Submandibular Gland Excision
Surgical removal of the submandibular gland may be necessary to provide relief from tumors or chronic infection. Submandibular gland excision is performed under general anesthesia, and patients usually return home the same day. During the excision procedure, an incision is made in the neck, right under the jawbone. The entire gland is then removed from the surrounding muscles, vessels and nerves. After the submandibular gland excision procedure, a drainage tube may be placed at the site of the incision, which can then be removed the next day.

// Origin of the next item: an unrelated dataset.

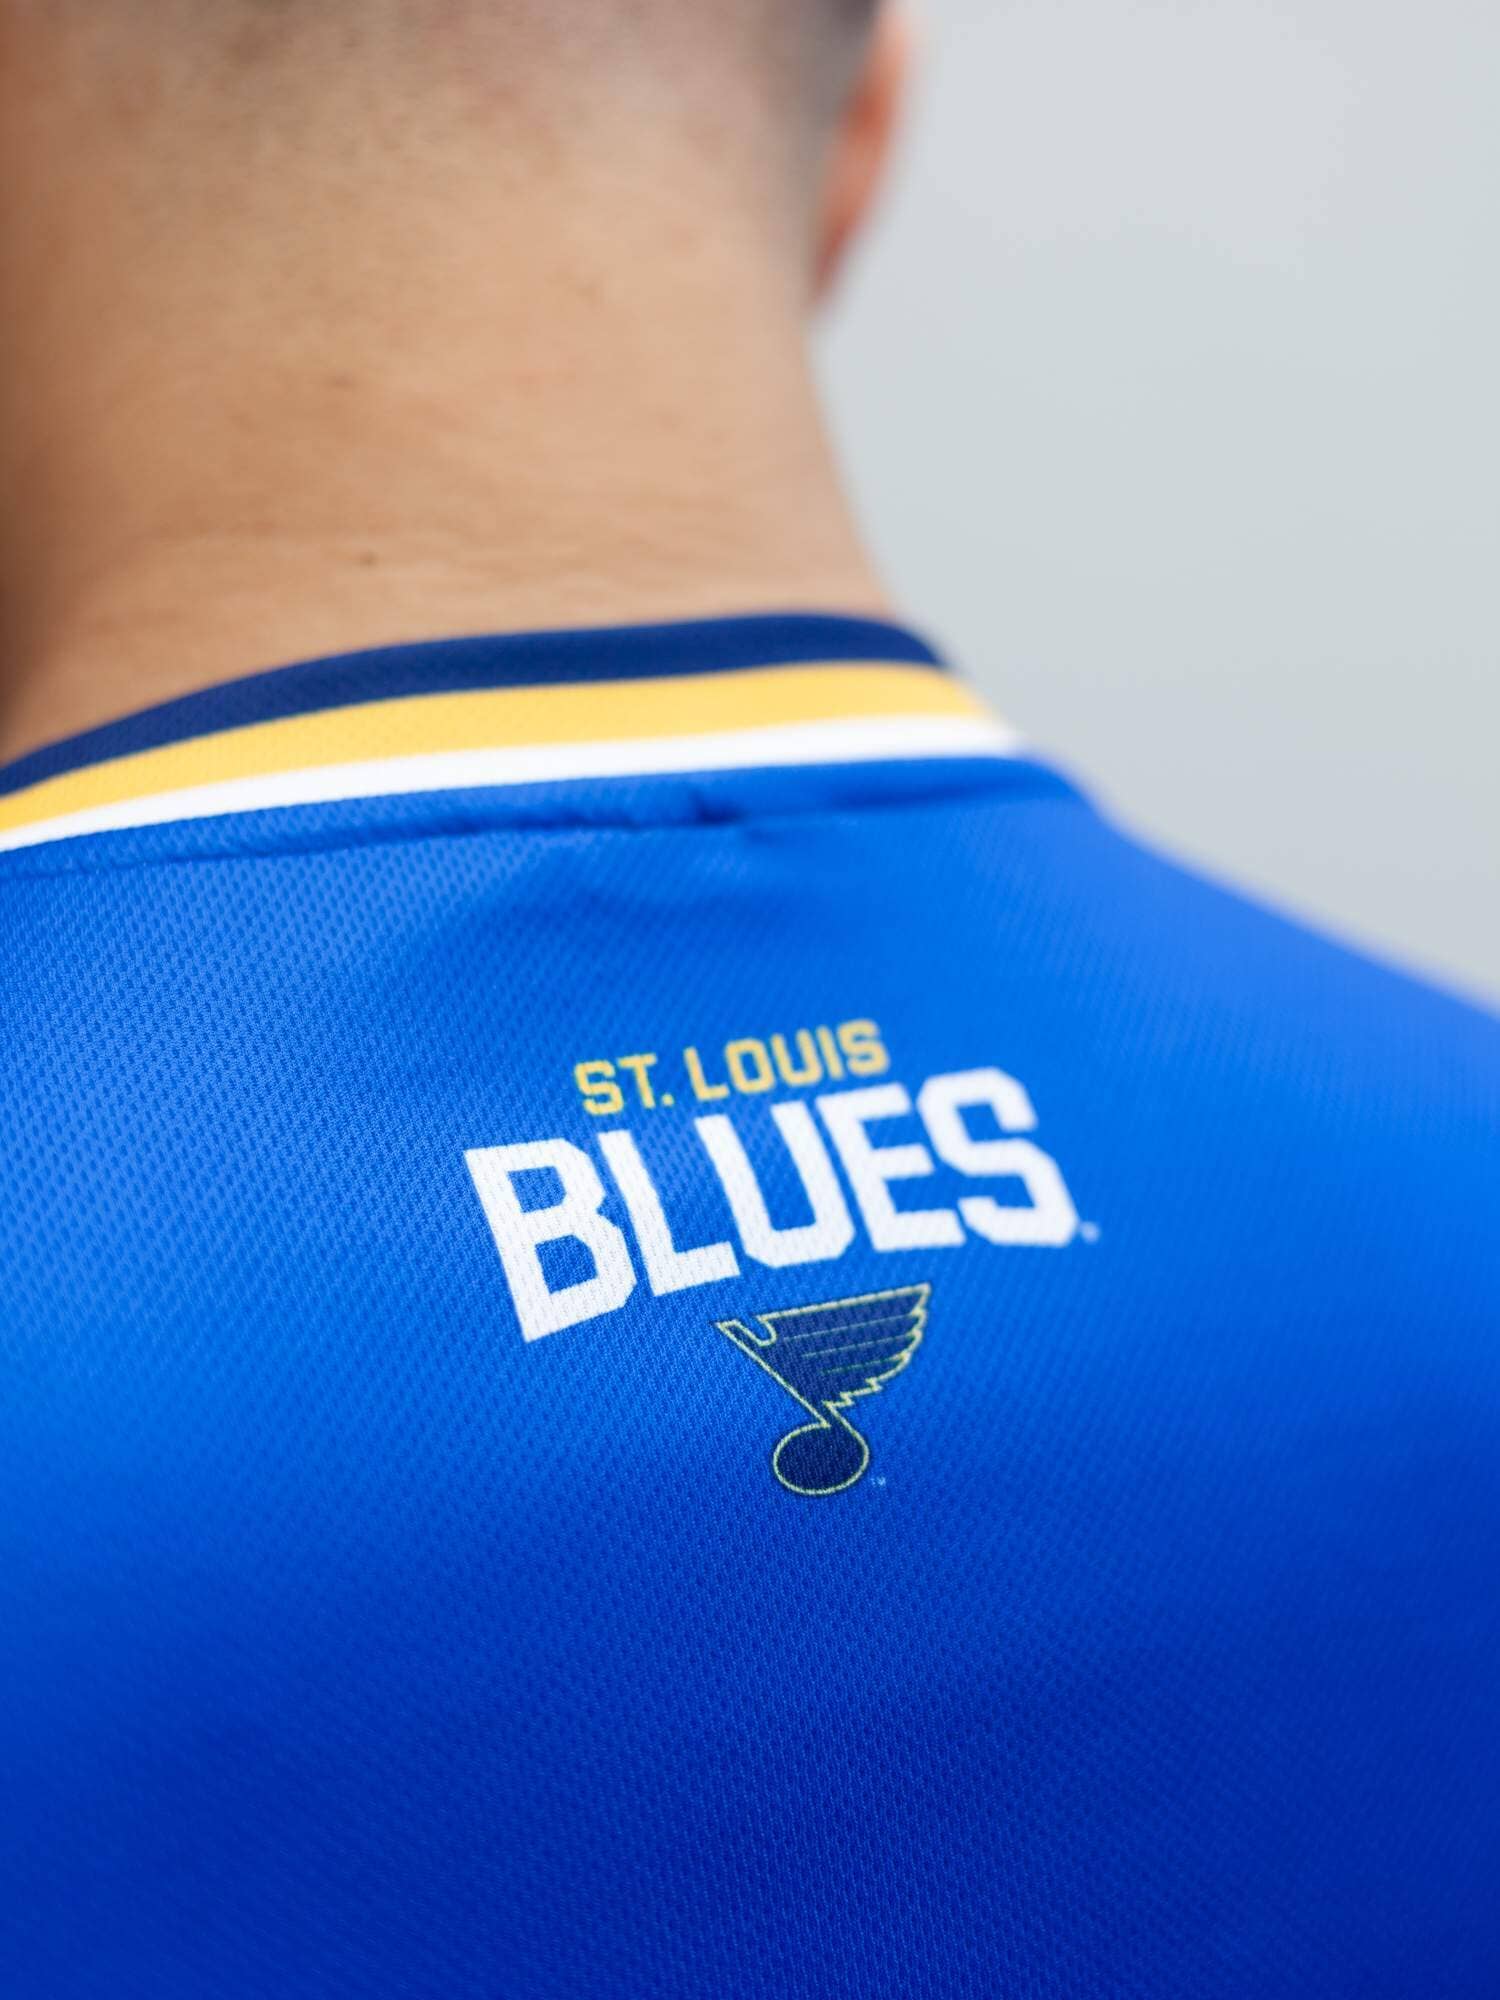 St Louis Blues Jerseys in St Louis Blues Team Shop

Facial Skin Cancer Treatment
Skin cancer is the most common form of cancer in the United States and involves abnormal growths of skin cells that can form anywhere on the body, but most frequently appear on skin that is exposed to the sun, such as the face. There are three major types of skin cancer that affect the associated layers of the skin. Squamous cell carcinoma affects the squamous cells, which are just below the outer surface of the skin and serve as the inner lining. Basal cell carcinoma affects the basal cells, which lay under the squamous cells and produce new skin cells. Melanoma is the most serious form of skin cancer and affects the melanocytes, which produce melanin.
Medical attention is necessary after noticing any changes to the skin, as early detection is valuable in successfully treating skin cancer. Regular full body screening is recommended as well. A biopsy is usually performed to accurately diagnose suspected cancerous growths. If not treated properly, skin cancer can spread to other areas of the body.
Tumors of the Ear and Temporal Bone Treatment
The temporal bone is a portion of the skull located above the ear. Tumors may develop within the ear or temporal bone, often originating as skin cancer caused by years of sun exposure, or may form within the ear canal. Basal skin carcinoma and squamous cell cancer are the most common types of ear and temporal bone tumors.
Ear tumors are white bumps that appear on the outside of the ear, which can spread to the temporal bone if left untreated. Patients with ear or temporal bone tumors typically experience ear pain and discharge from the ear canal. If the tumor spreads to the temporal bone, it can also cause hearing loss, dizziness and facial paralysis. A biopsy of ear and/or temporal bone tumors is taken to determine whether or not they are cancerous. If cancer is detected, the tumor(s) must be surgically removed to keep it from spreading, and a customized treatment plan will be devised to prevent recurrence.